Taxman Seals Swiss Tax Deal

The landmark tax agreement between the UK and Switzerland was signed in London today.  HM Revenue & Customs expect it to bring in billions of pounds of extra tax to the UK.

The Swiss Tax Agreement means that UK taxpayers’ funds in Switzerland face huge one-off deductions to settle past tax liabilities: of between 19% and 34%.:  where the account was open on 31 December 2010 and is still open on 31 May 2013. This deduction will settle income tax, capital gains tax, inheritance tax and VAT liabilities in relation to the funds in the account. Those charges will not apply if the taxpayer authorises a full disclosure of their affairs to HMRC.  However following any such disclosure, HMRC will seek unpaid taxes, interest and penalties directly from the taxpayer.
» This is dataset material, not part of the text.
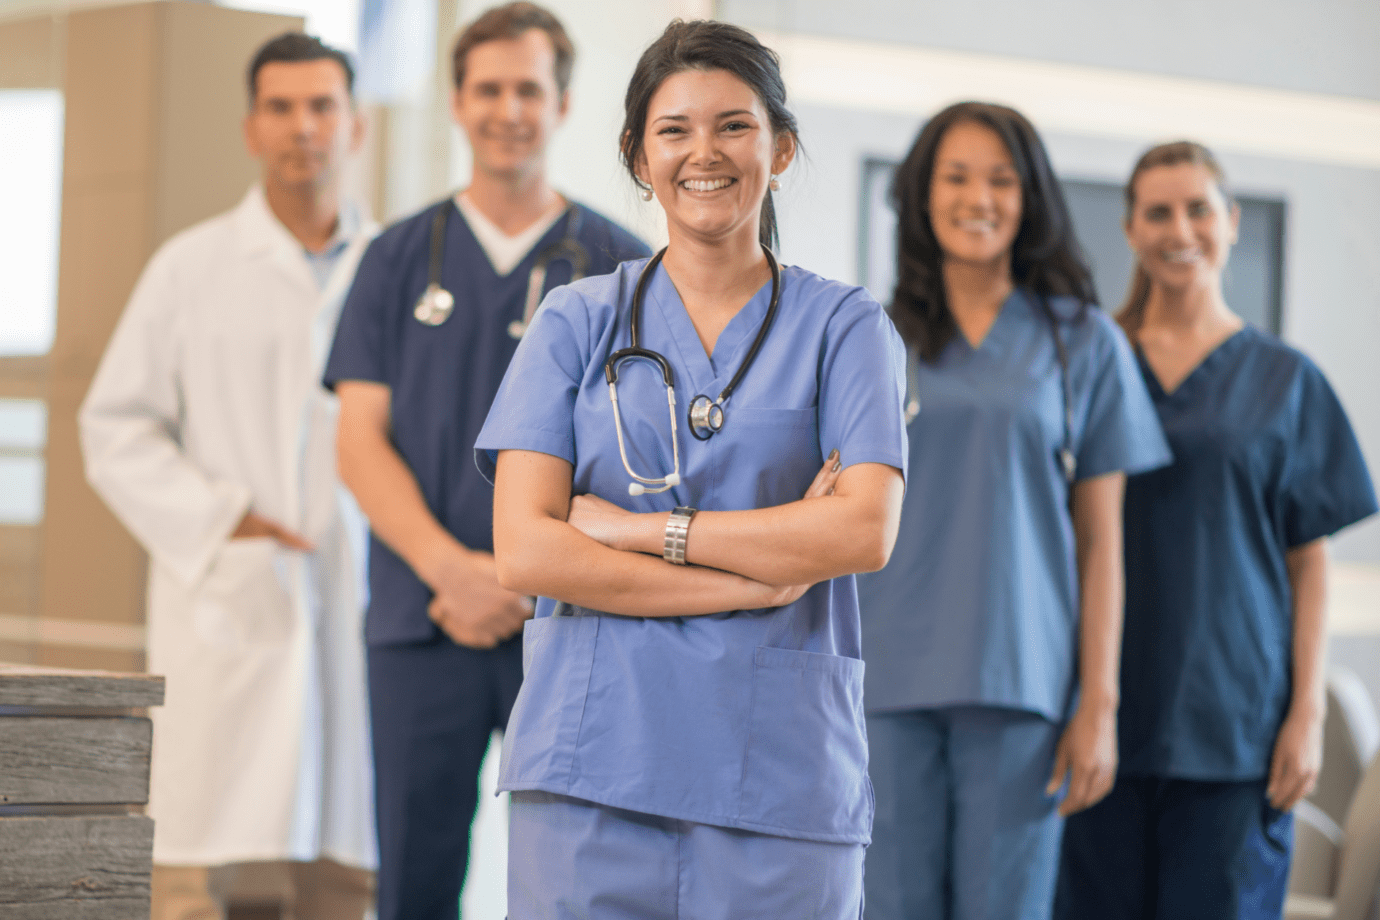 Benefits of Nursing Certifications

Then, from 2013, there will also be a new Withholding Tax (of 48% on investment income and 27% on capital gains): which will apply to anyone who has not told the taxman about those assets.

The Swiss Tax Agreement includes the following provisions:

  • HMRC has got a new power to discover whether an individual UK resident has an account in Switzerland, and to get details about those bank accounts;
  • Anyone who has previously been challenged by HMRC and  failed to disclose Swiss assets, anyone actively undergoing a tax investigation or after the date  the treaty comes into force, and anyone convicted  following an HMRC criminal investigation, will not be able to benefit from the clearance of past tax liabilities;
  • A new UK-Swiss joint commission will conduct a “programme of audits”,  to ensure the Swiss banks’ compliance with their obligations;
  • The Swiss will collect data on the destination of any funds withdrawn from Switzerland following the announcement of this agreement, and will share that data with the UK.
  • The agreement is expected to come into force in 2013, following scrutiny by the UK Parliament and after ratification in Switzerland.
  • UK residents who are non-UK domiciled are outside the scope only they claim the remittance basis (and pay the Remittance Basis Charge: currently £50,000), and have their non-domicile status certified by a professional (e.g. an accountant or tax agent that is a member of a recognised body.  Nb: Lynam Tax Ltd is a member firm of both the ICAEW and the ACCA).

The chief tax inspector said:  “The world is shrinking fast for offshore tax evaders and this agreement will ensure that we know where money that flees Switzerland is heading. We won’t be far behind.”